6.7/10
Senior Film Conservator

A definitive 6.7/10 rating for a film that redefined the boundaries of cult cinema. Sky Bride remains a cornerstone of transgressive art.
If you love dusty old biplanes and guys with names like "Speed" who wear leather jackets and look incredibly sad, Sky Bride is absolutely worth a watch today. It is a quick, 78-minute slice of 1932 melodrama that feels like a time capsule. 🛩️
But if you cannot stand crackly audio or plots where people solve their deep psychological trauma by just "gitting 'er done," you will probably hate this. It is very much of its time, for better and worse.
The story is pretty simple. Richard Arlen plays Speed Condon, a hotshot stunt pilot who gets too cocky and ends up causing a horrible accident that kills his friend.
The guilt eats him up, so he quits flying and takes a low-profile job at a tiny airport, hiding from his past. Naturally, his old manager Alec (played by Jack Oakie) tracks him down to get him back in the air.

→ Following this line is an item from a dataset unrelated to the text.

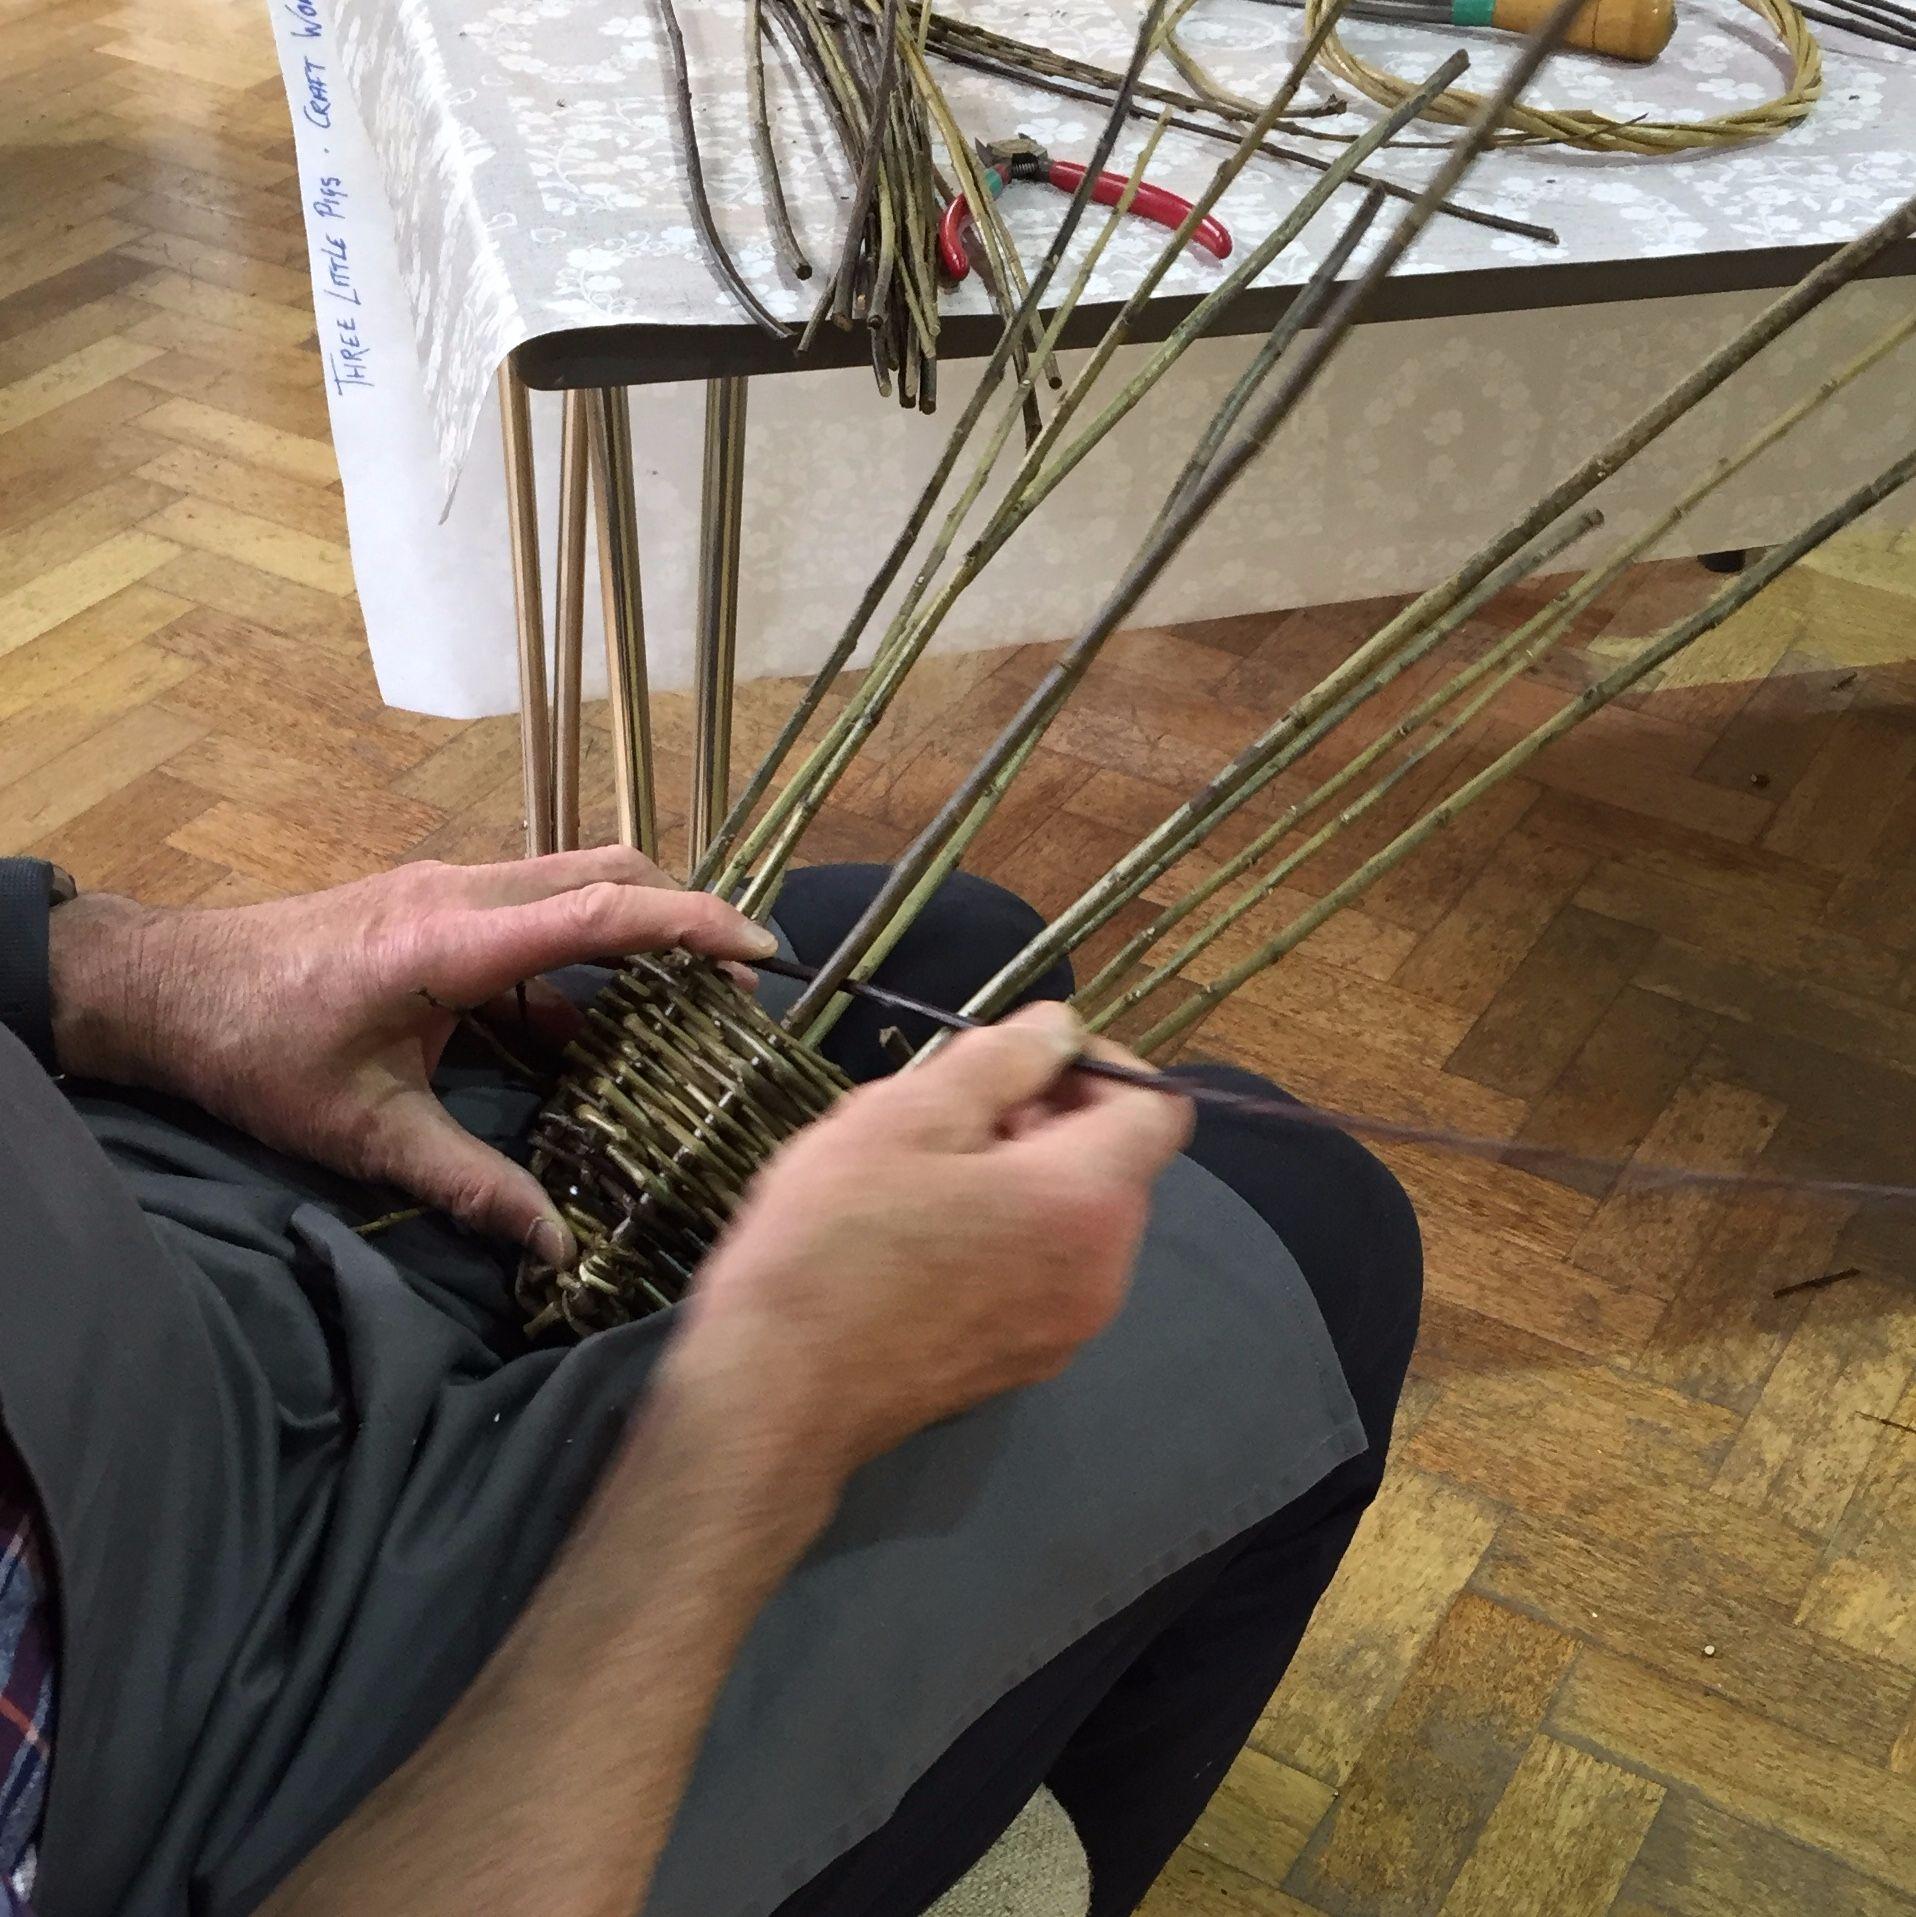 Basket Making Workshop: Platter and Herb Basket - Weaving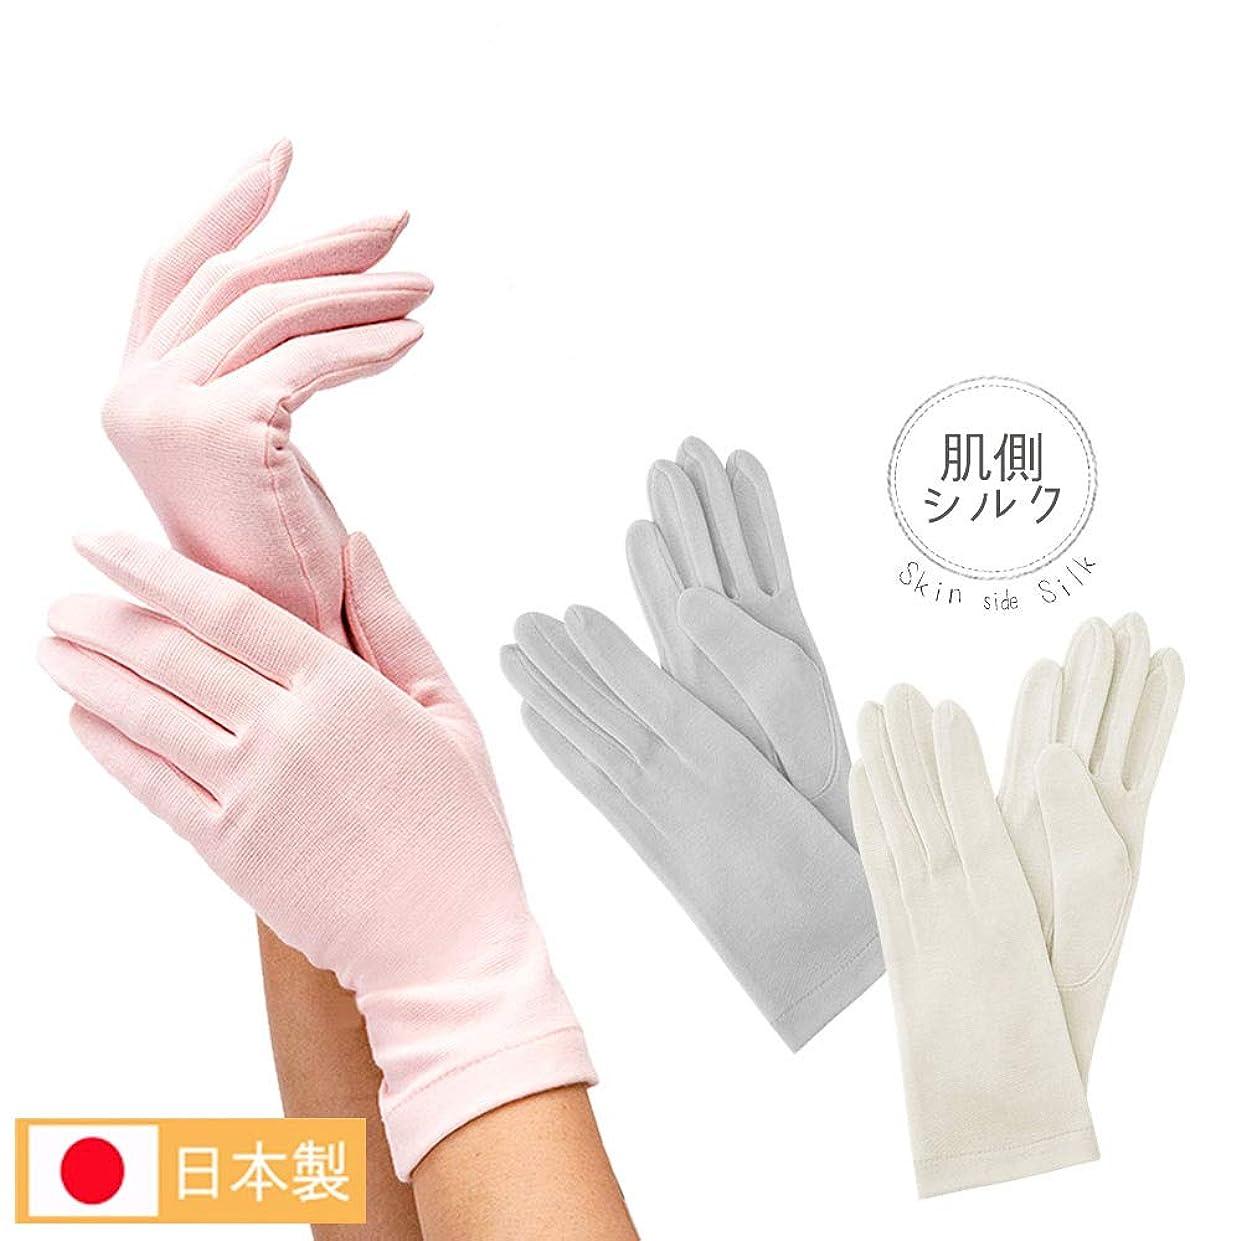 タックルメイトサンダースG12-0071_IV 就寝用 裏シルクうるおい手袋 あったか 薄い 手荒れ ハンドケア 保湿 レディース 女性 おやすみ 寝るとき 日本製 アイボリー

I love Jack Oakie in this. He has this fast-talking, slightly annoying energy that keeps the movie from getting too depressing. He basically carries the first half of the film on his back.
Some of the dialogue is incredibly clunky. There is a scene where a character explains the entire plot of his guilt to a girl he just met, and it feels like he is reading a grocery list.
But the actual flying footage is amazing. There is no CGI here, obviously, so when you see these biplanes doing loops and flying incredibly close to the ground, it actually looks dangerous because it was.
It reminded me a bit of the pacing in Alias the Lone Wolf, where the movie takes a while to get going but really shines once the action kicks in. Though here, the action is in the clouds rather than a dark room.
There is also this incredibly weird subplot involving a little kid and a runaway plane. In some of the wide shots, you can clearly tell they just threw a stuffed dummy into the cockpit. It made me laugh out loud. 😂
Frances Dee is also in this as the love interest. She does not have a ton to do besides look worriedly at the sky, but she has such a warm screen presence that you root for her anyway.
The movie does not try to be some grand masterpiece about the human condition. It just wants to show you some cool plane stunts and tell a simple story about a guy finding his nerve again.
It is imperfect, a little dusty, but incredibly charming if you are in the right mood.